> [Task to complete]:
Starting at the line that contains "HUXLEY Fresh and More Cream 50ml", reproduce only the lines through the end of the data, exactly, including both the first and the last; skip the pictures.

> [Provided material]:
--- START ---

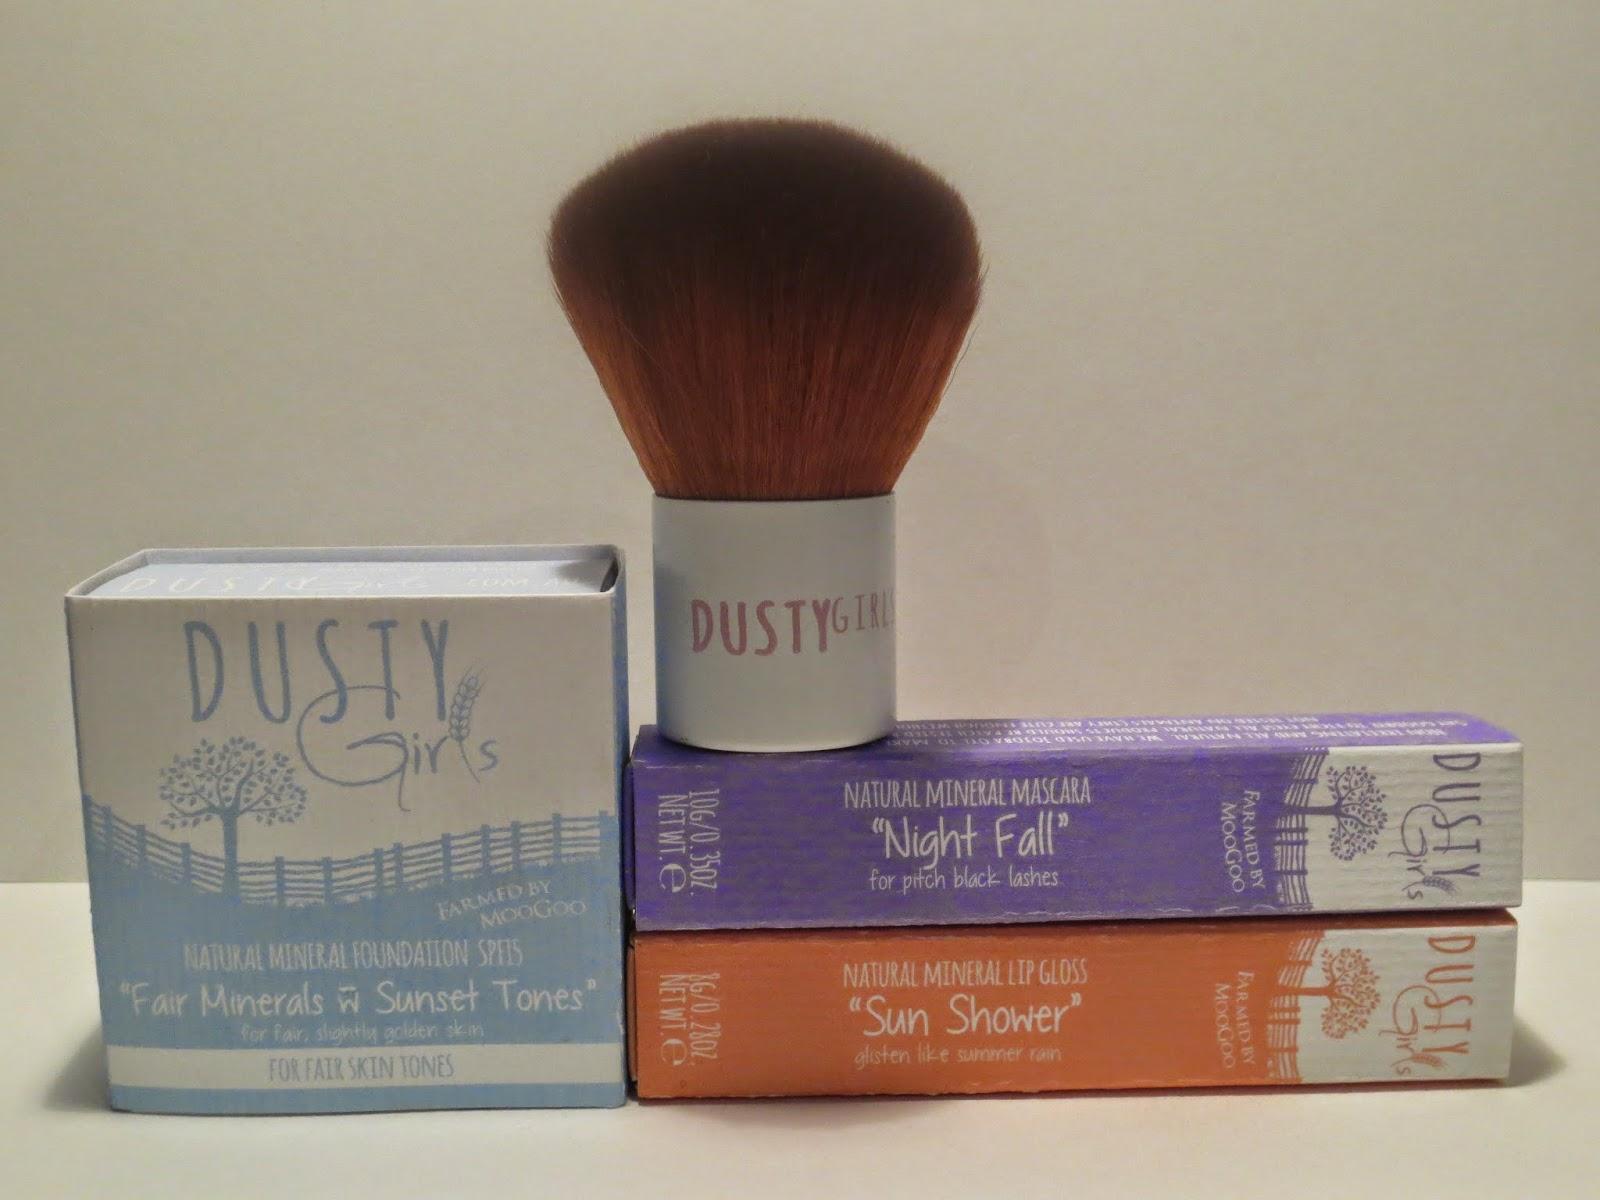 nail polish dusty girls natural mineral makeup review. Black Bedroom Furniture Sets. Home Design Ideas
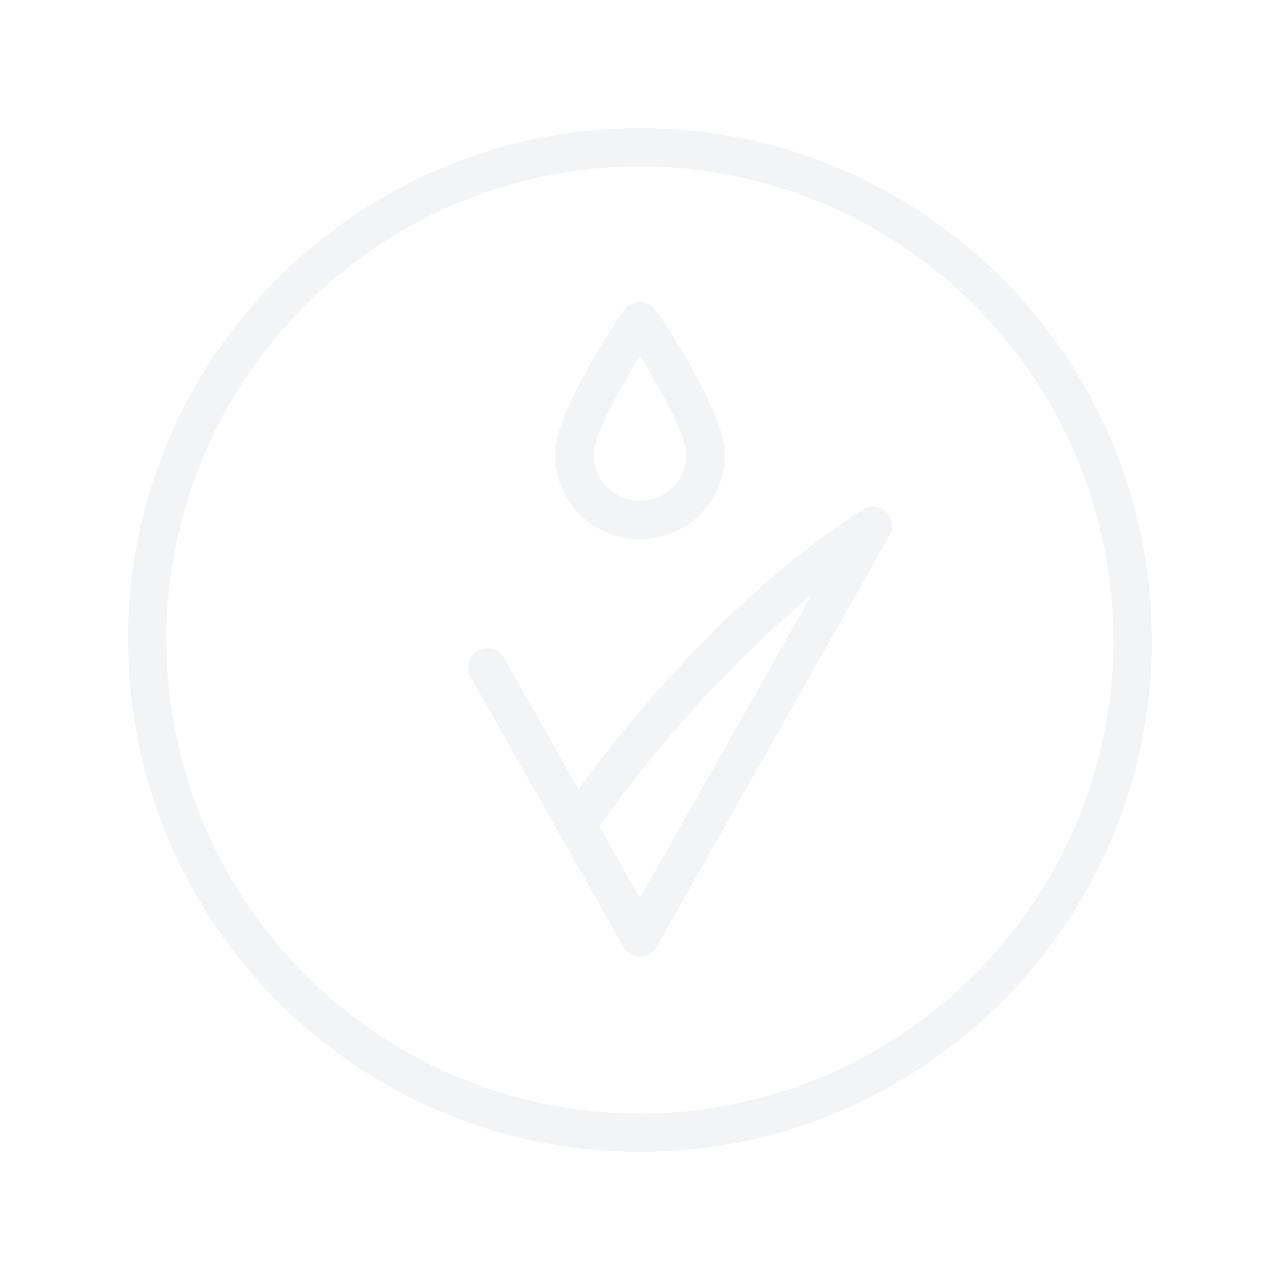 HUXLEY Fresh and More Cream 50ml
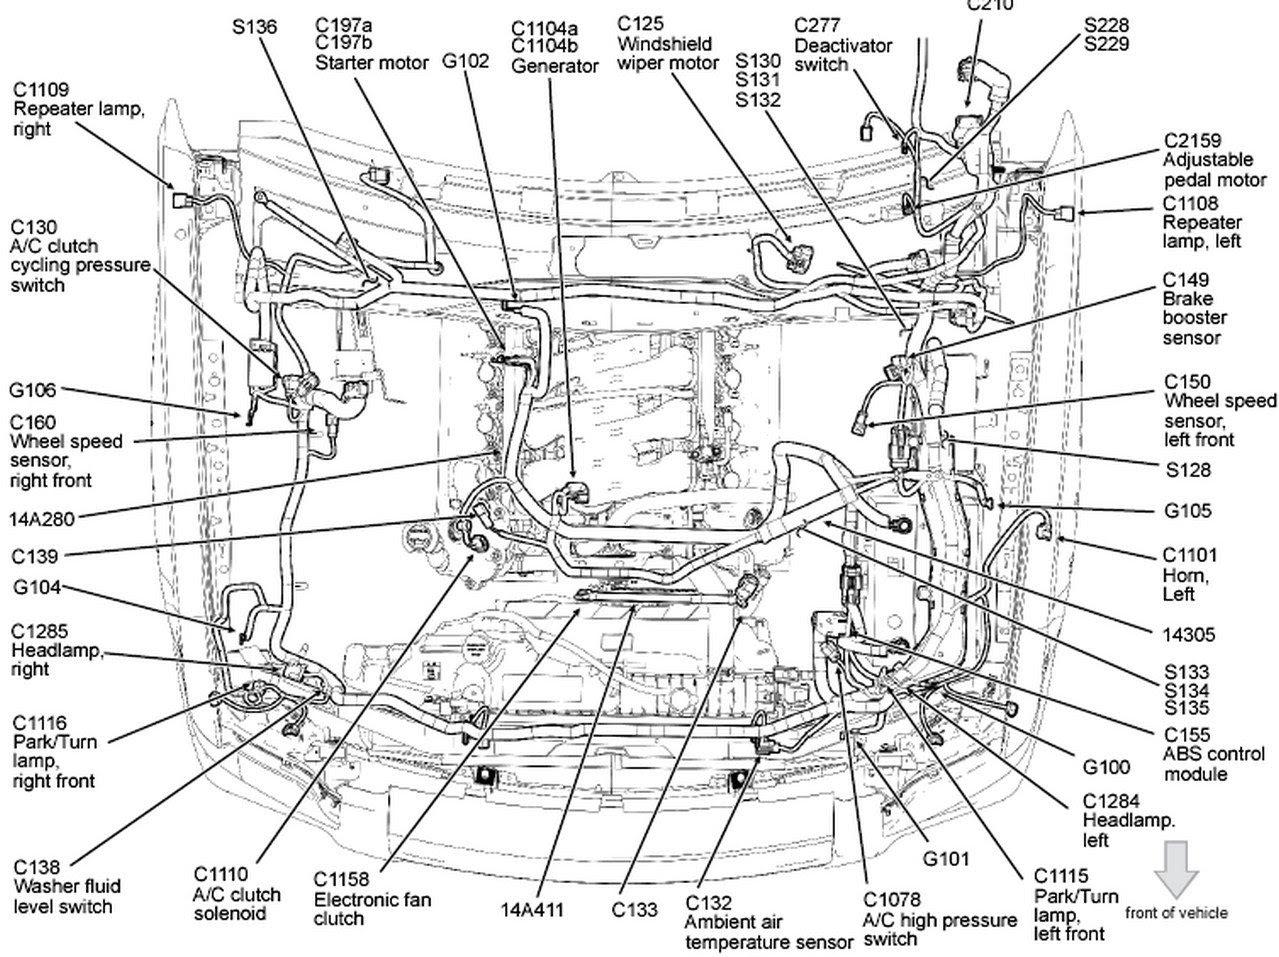 2002 Ford Explorer Engine Diagram 2wire Prox Switch Diagram Tomosa35 Jeep Wrangler Waystar Fr
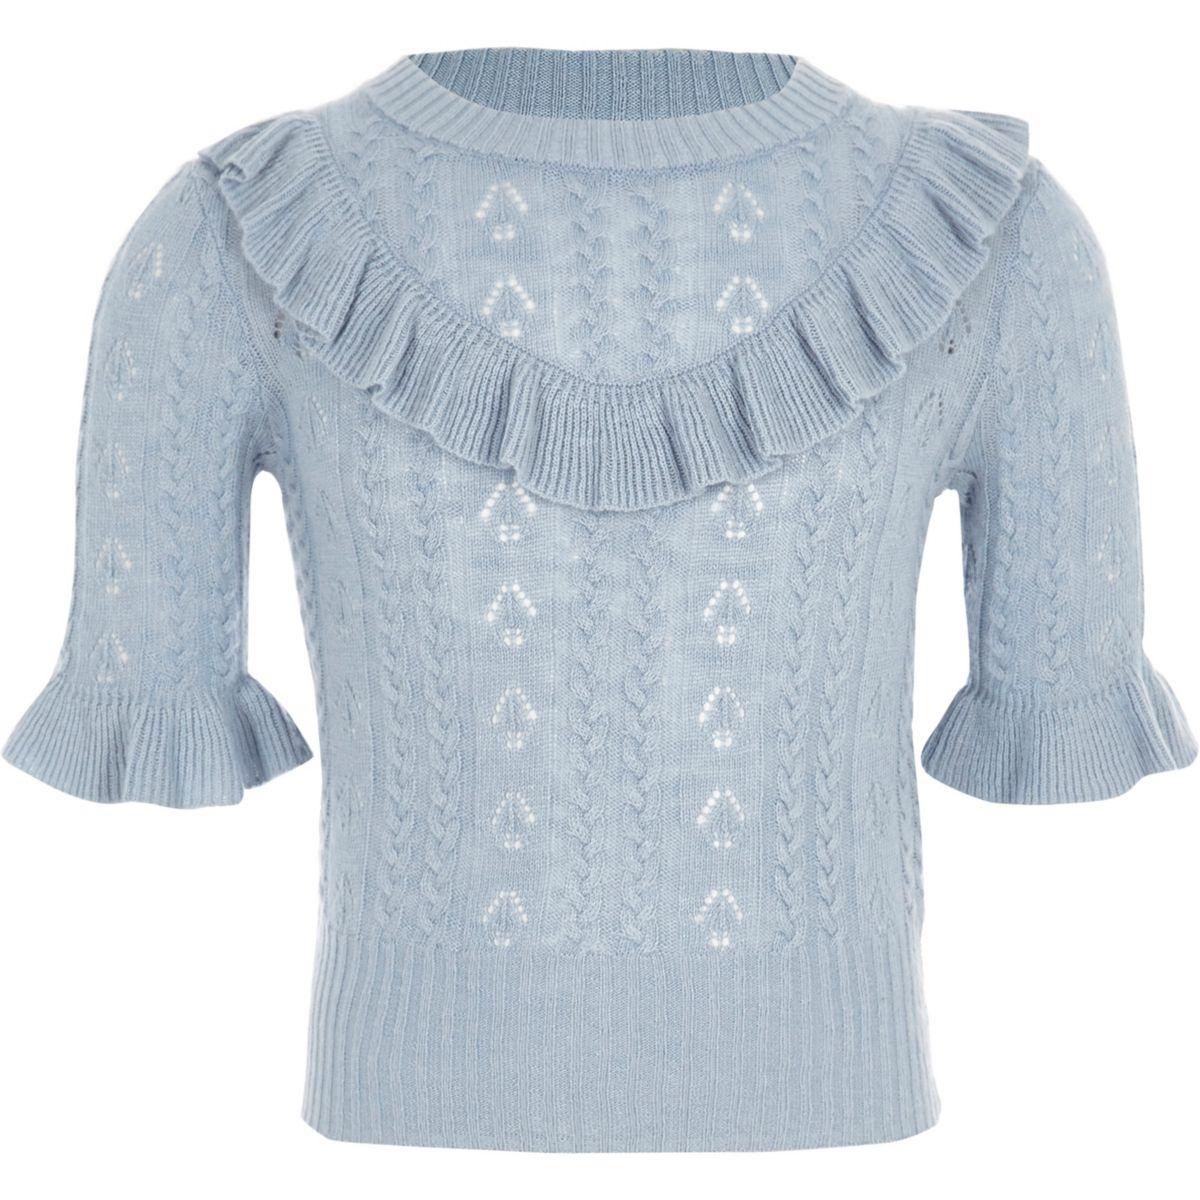 Girls light blue frill pointelle knit sweater

--- END ---

> [Response for this exercise]:
 HUXLEY Fresh and More Cream 50ml
 2002 Ford Explorer Engine Diagram 2wire Prox Switch Diagram Tomosa35 Jeep Wrangler Waystar Fr
 Girls light blue frill pointelle knit sweater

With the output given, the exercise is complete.